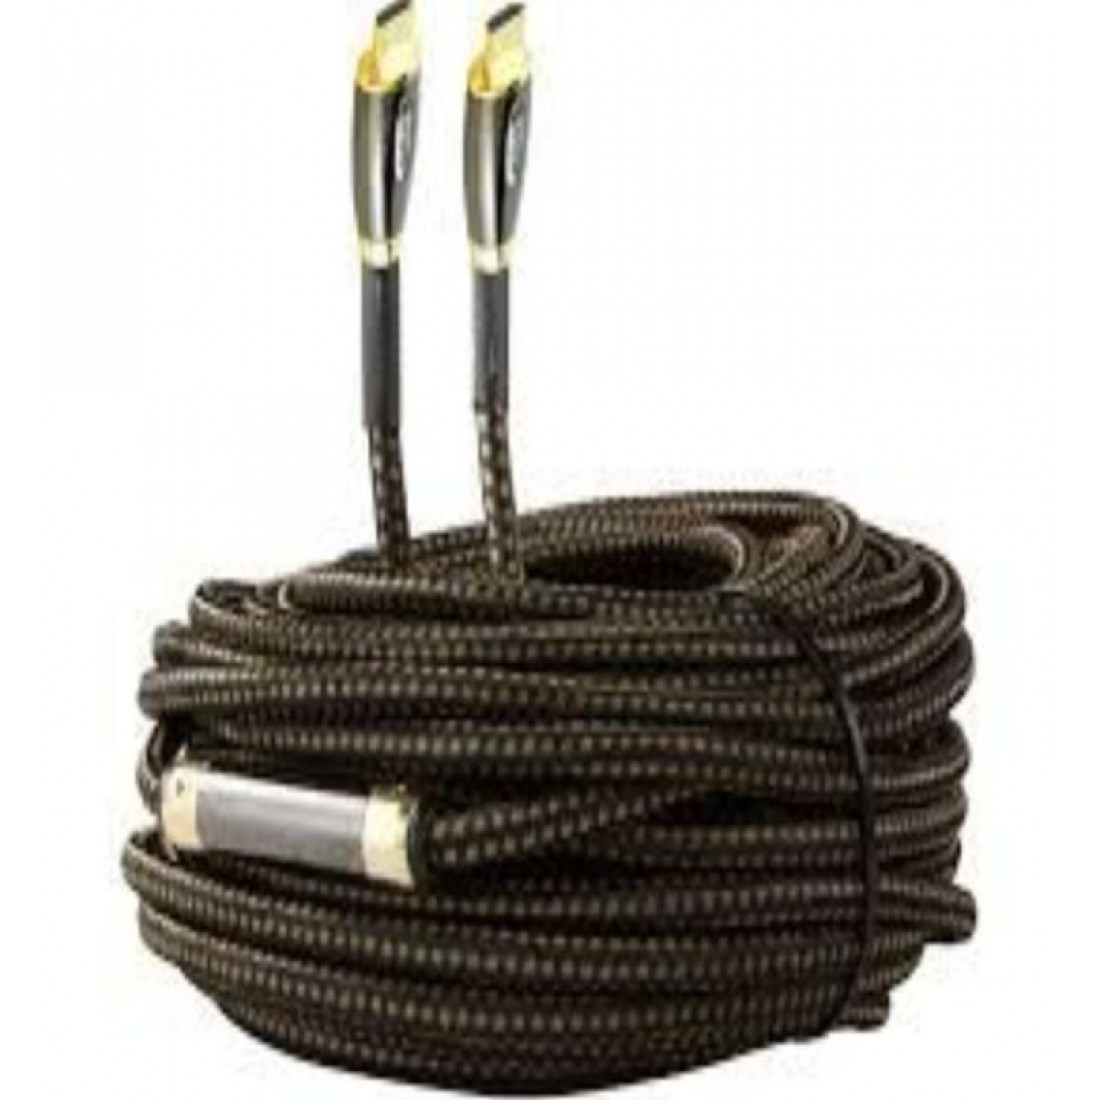 50 mtr HDMI NYLON BREADED WITH AMPLIFIER CABLE
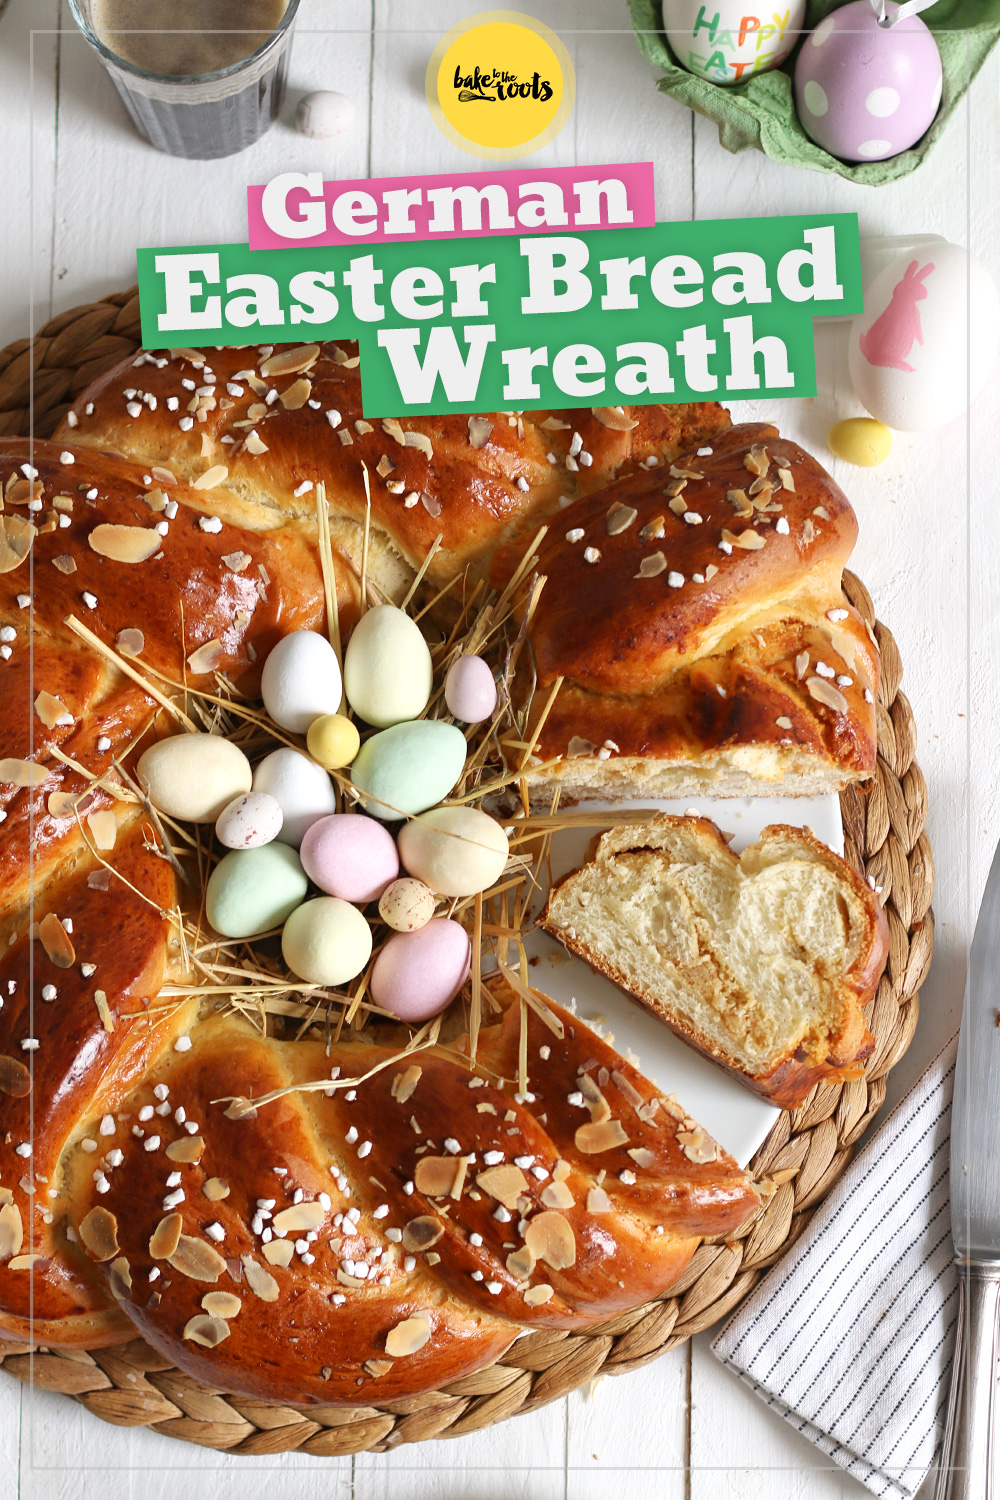 Traditional German Easter Bread Wreath with Marzipan | Bake to the roots
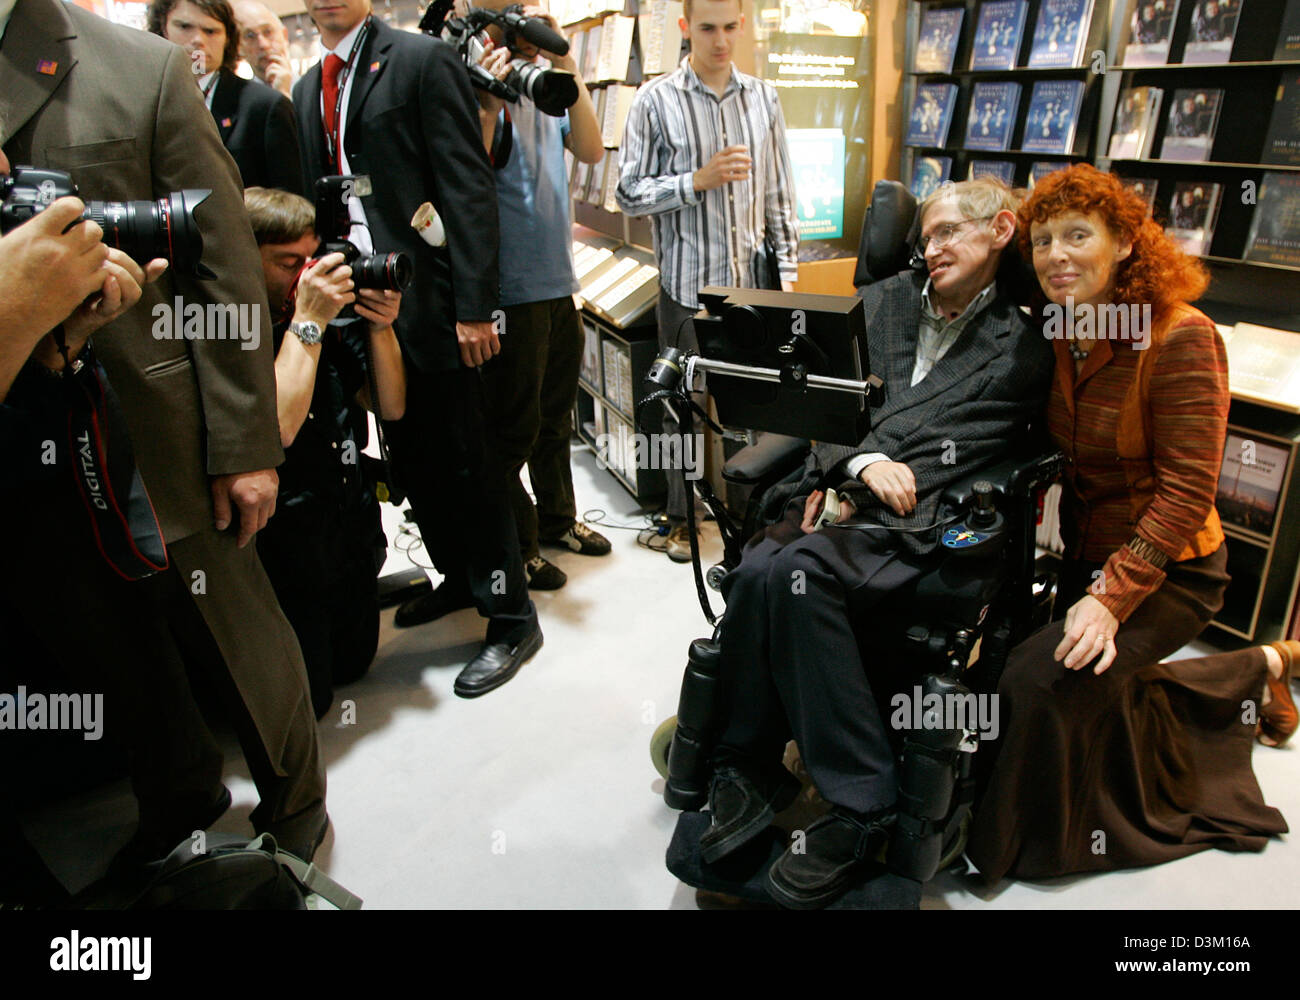 (dpa) - Famous handicapped physicist Stephen Hawking (2nd from R) and his wife Elaine (R) smile on the opening day of the Frankfurt Book Fair 2005 in Frankfurt Main, Germany, Wednesday 19 October 2005. More than 7.000 publishers from all over the world exhibit their latest books as well as classics of literature. The fair's organisers expect several hundred thousand visitors at the Stock Photo
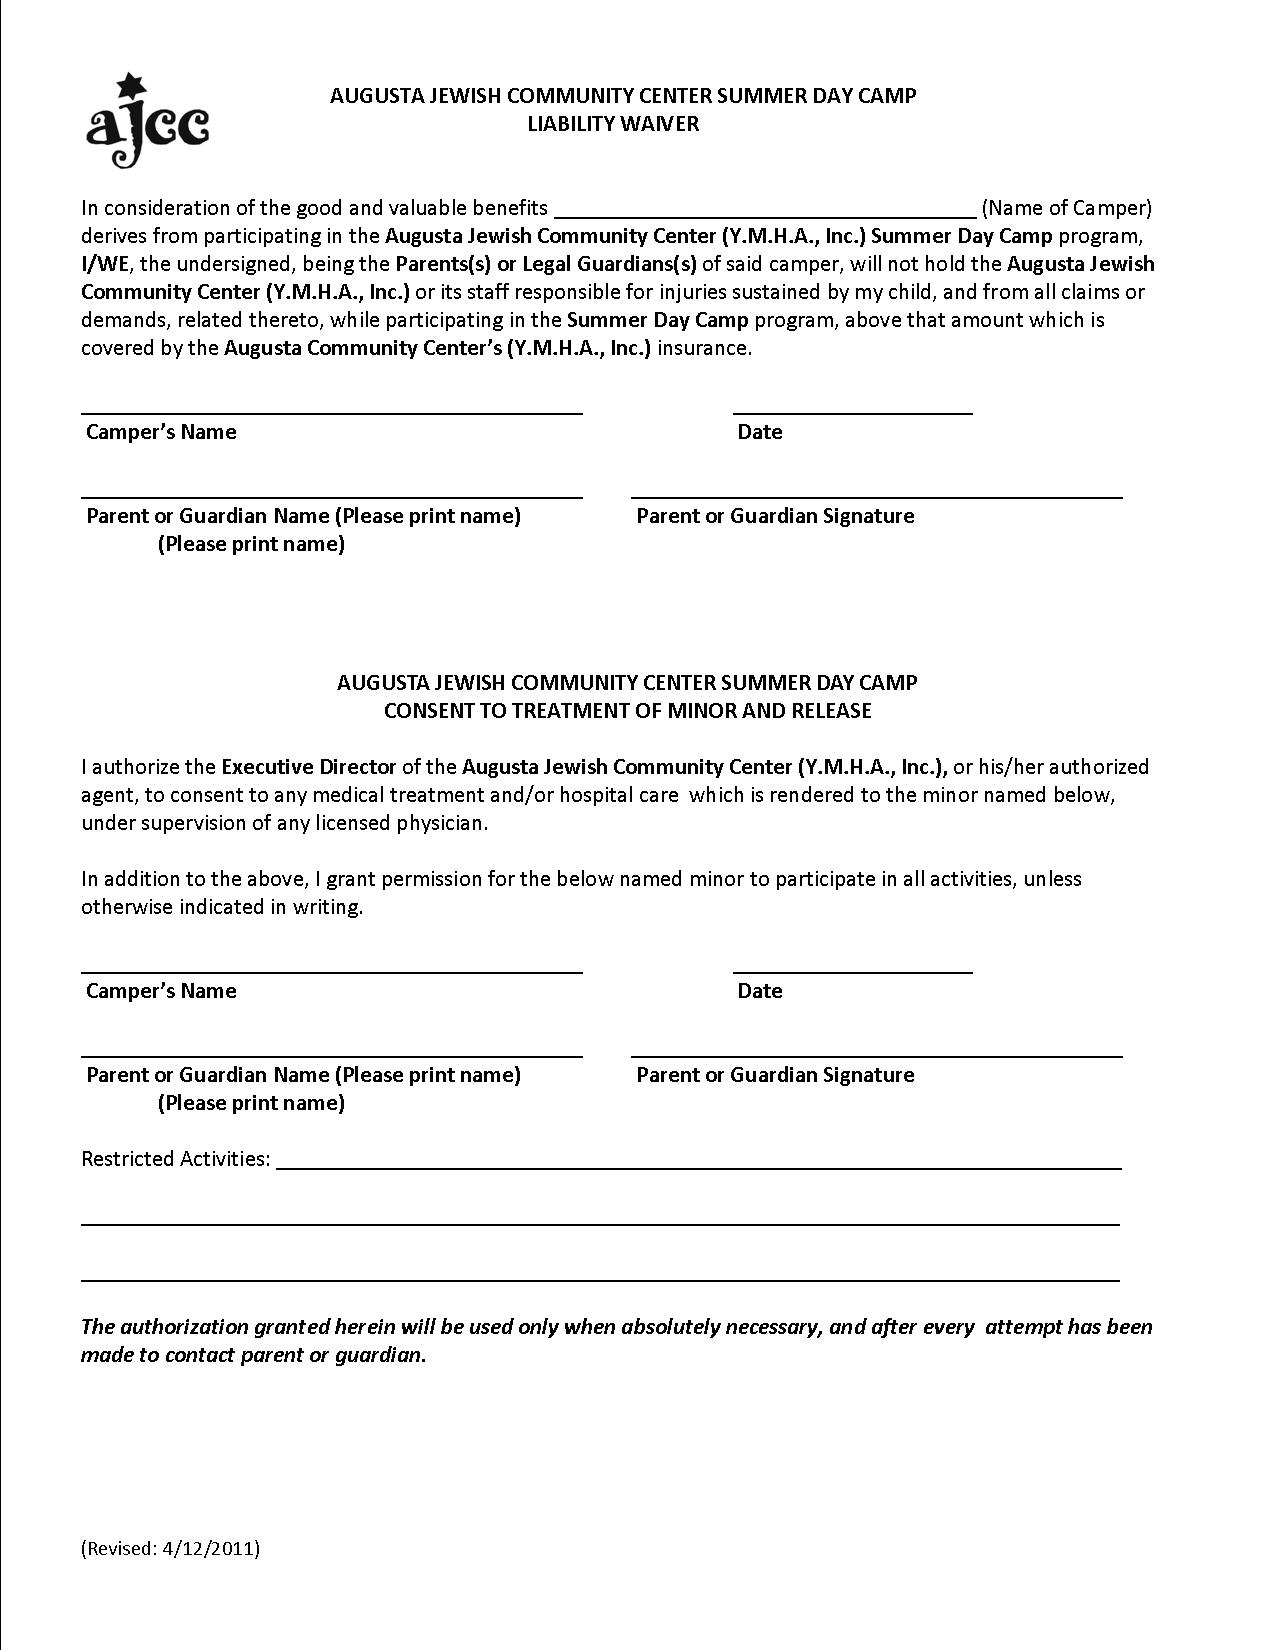 liability-release-waiver-form-free-printable-documents

Problem –
No pictures should appear in the copy. Reproduce exactly the lines from the line containing "(dpa) - Famous" through the last line of the data, inclusive.

Task output –
 (dpa) - Famous handicapped physicist Stephen Hawking (2nd from R) and his wife Elaine (R) smile on the opening day of the Frankfurt Book Fair 2005 in Frankfurt Main, Germany, Wednesday 19 October 2005. More than 7.000 publishers from all over the world exhibit their latest books as well as classics of literature. The fair's organisers expect several hundred thousand visitors at the Stock Photo
 liability-release-waiver-form-free-printable-documents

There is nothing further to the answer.